WHAT TO DO: After locating the line with "[ с дефектом" below, output it and each following line exactly, stopping after the line with "Xero Shoes HFS". No pictures.

SUPPLIED INFORMATION:
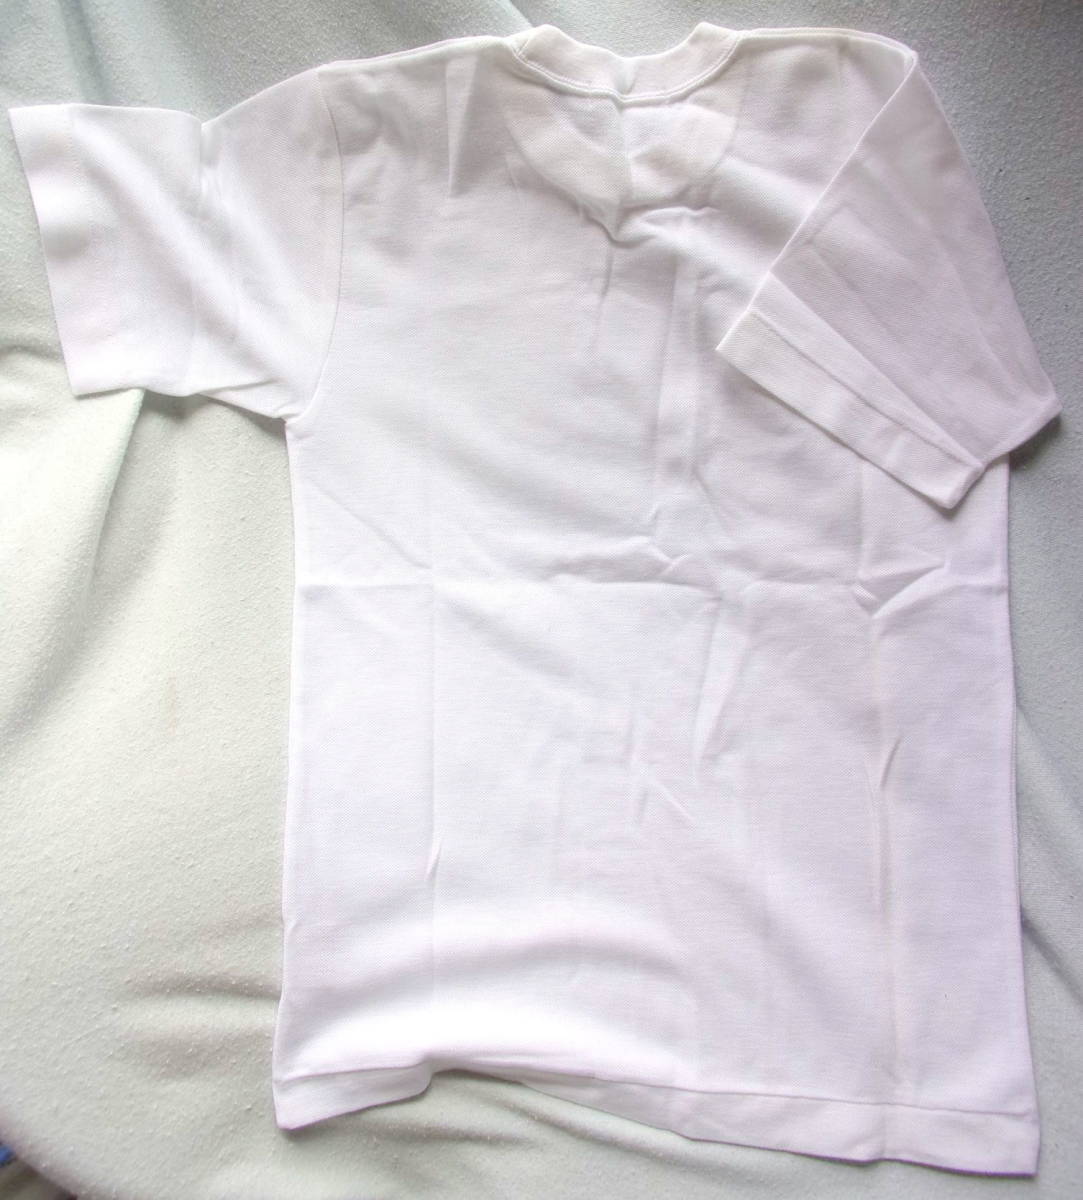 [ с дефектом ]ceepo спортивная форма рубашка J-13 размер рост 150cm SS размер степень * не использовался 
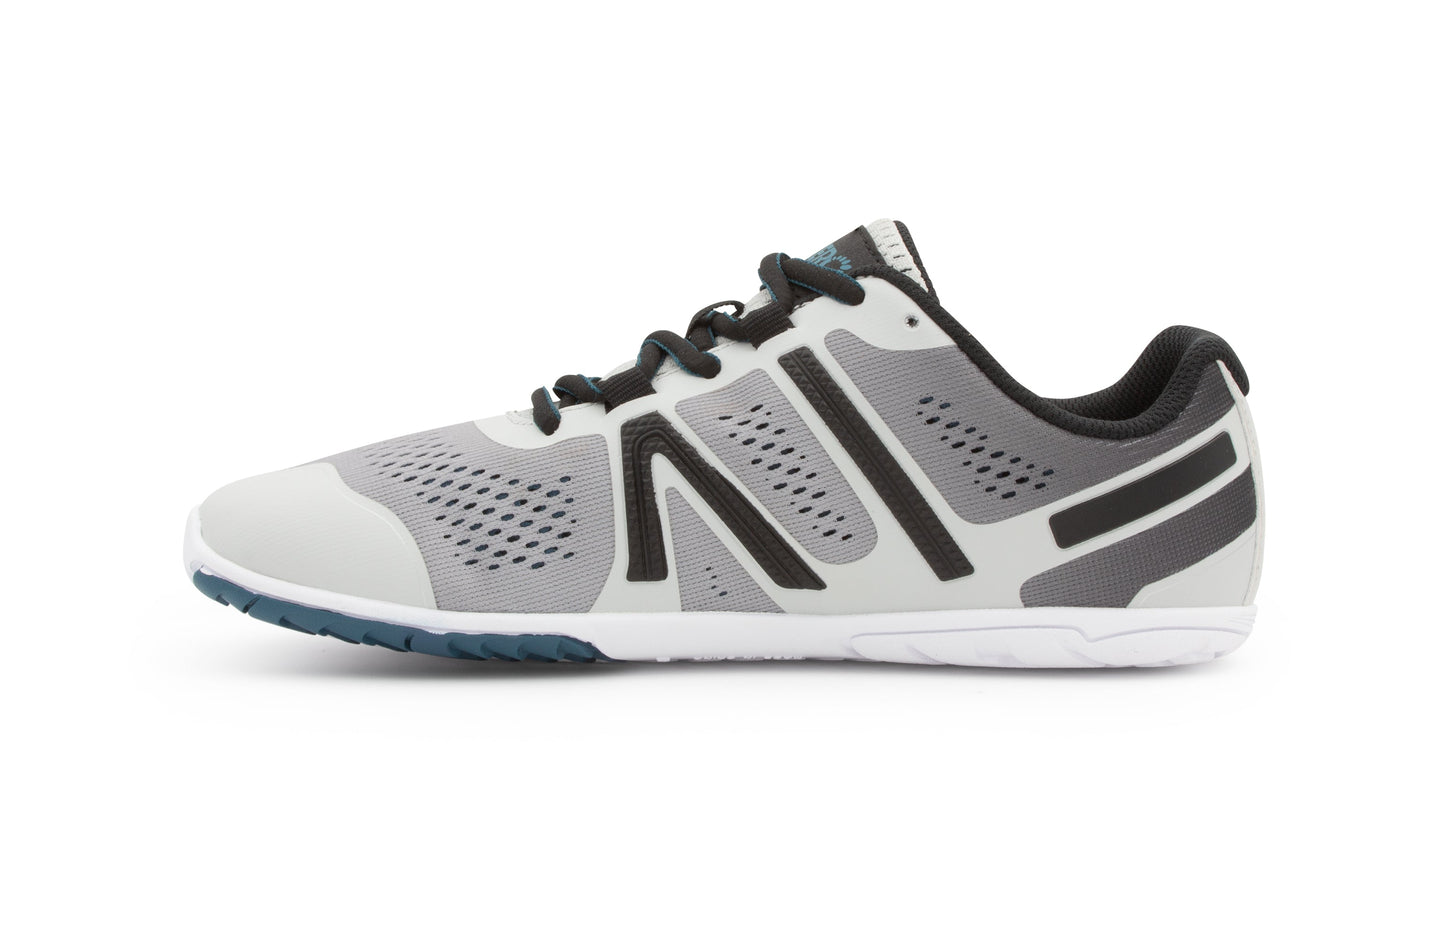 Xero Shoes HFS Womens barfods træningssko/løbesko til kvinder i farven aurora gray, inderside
...
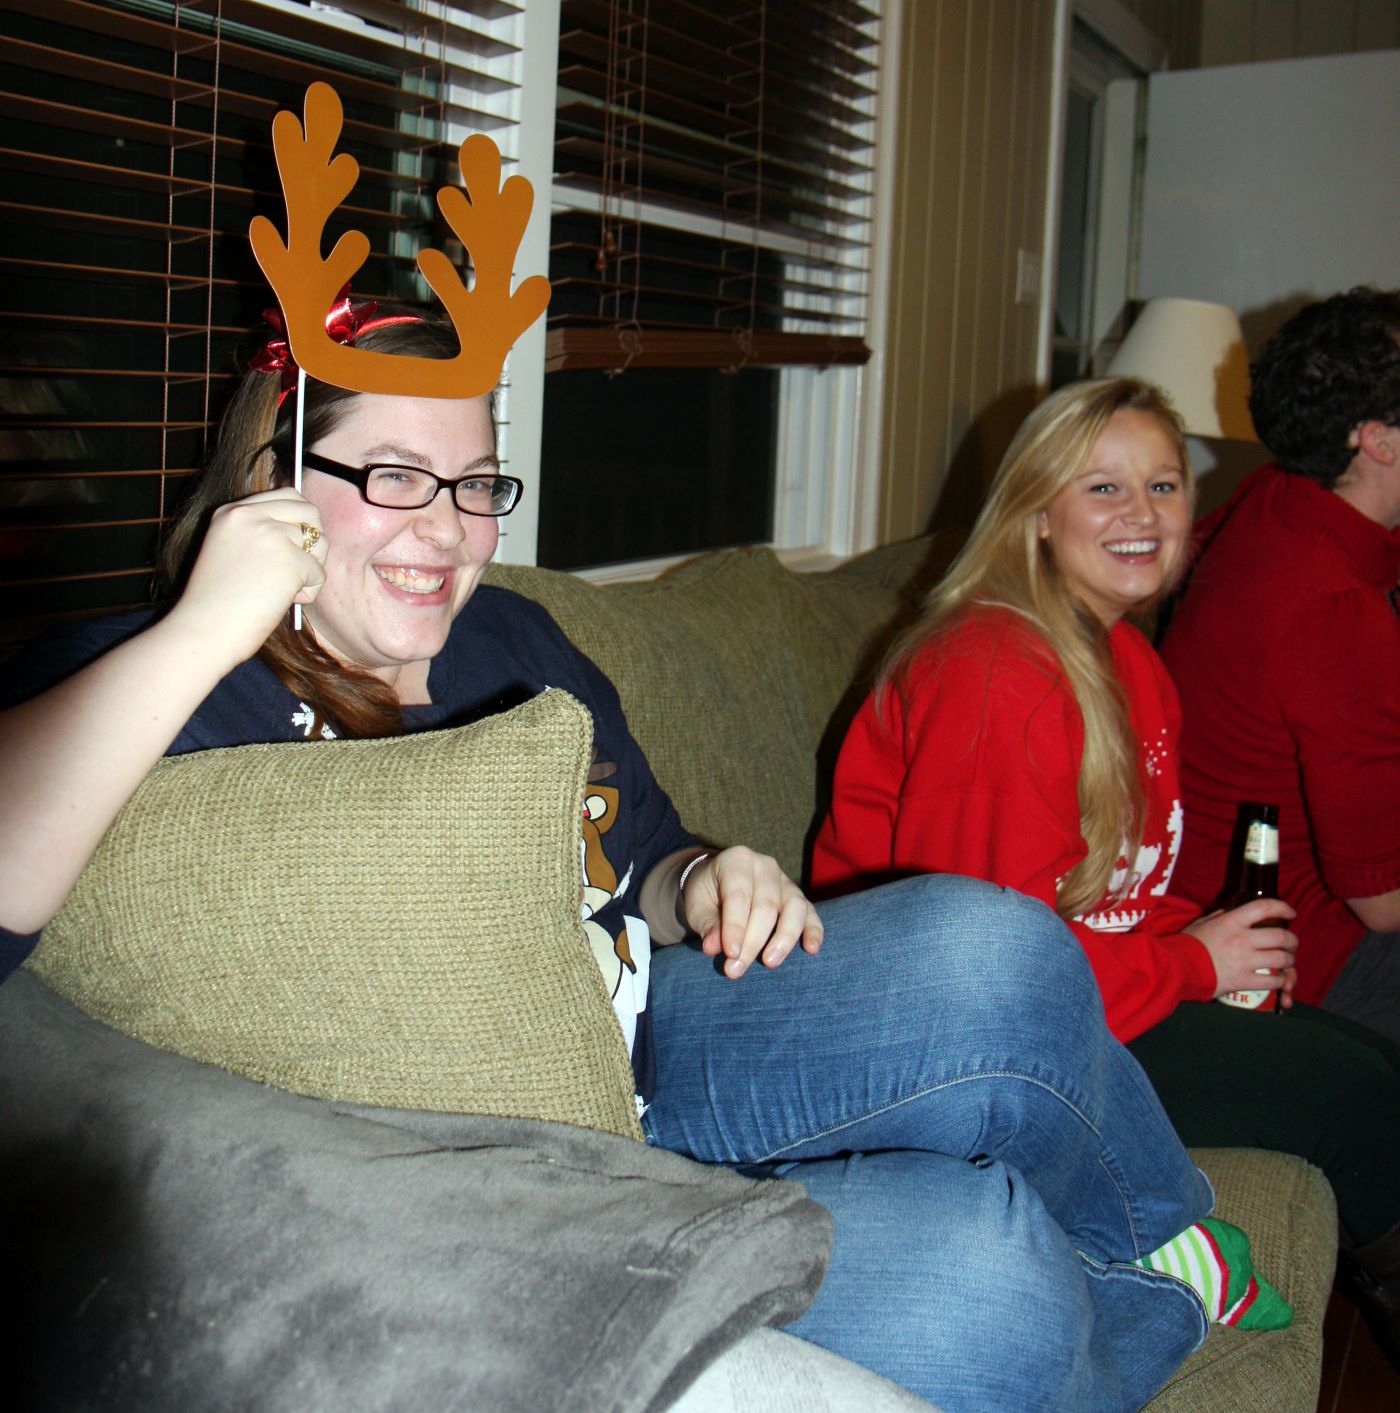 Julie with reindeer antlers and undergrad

ANSWER:
 [ с дефектом ]ceepo спортивная форма рубашка J-13 размер рост 150cm SS размер степень * не использовался 
 Xero Shoes HFS Womens barfods træningssko/løbesko til kvinder i farven aurora gray, inderside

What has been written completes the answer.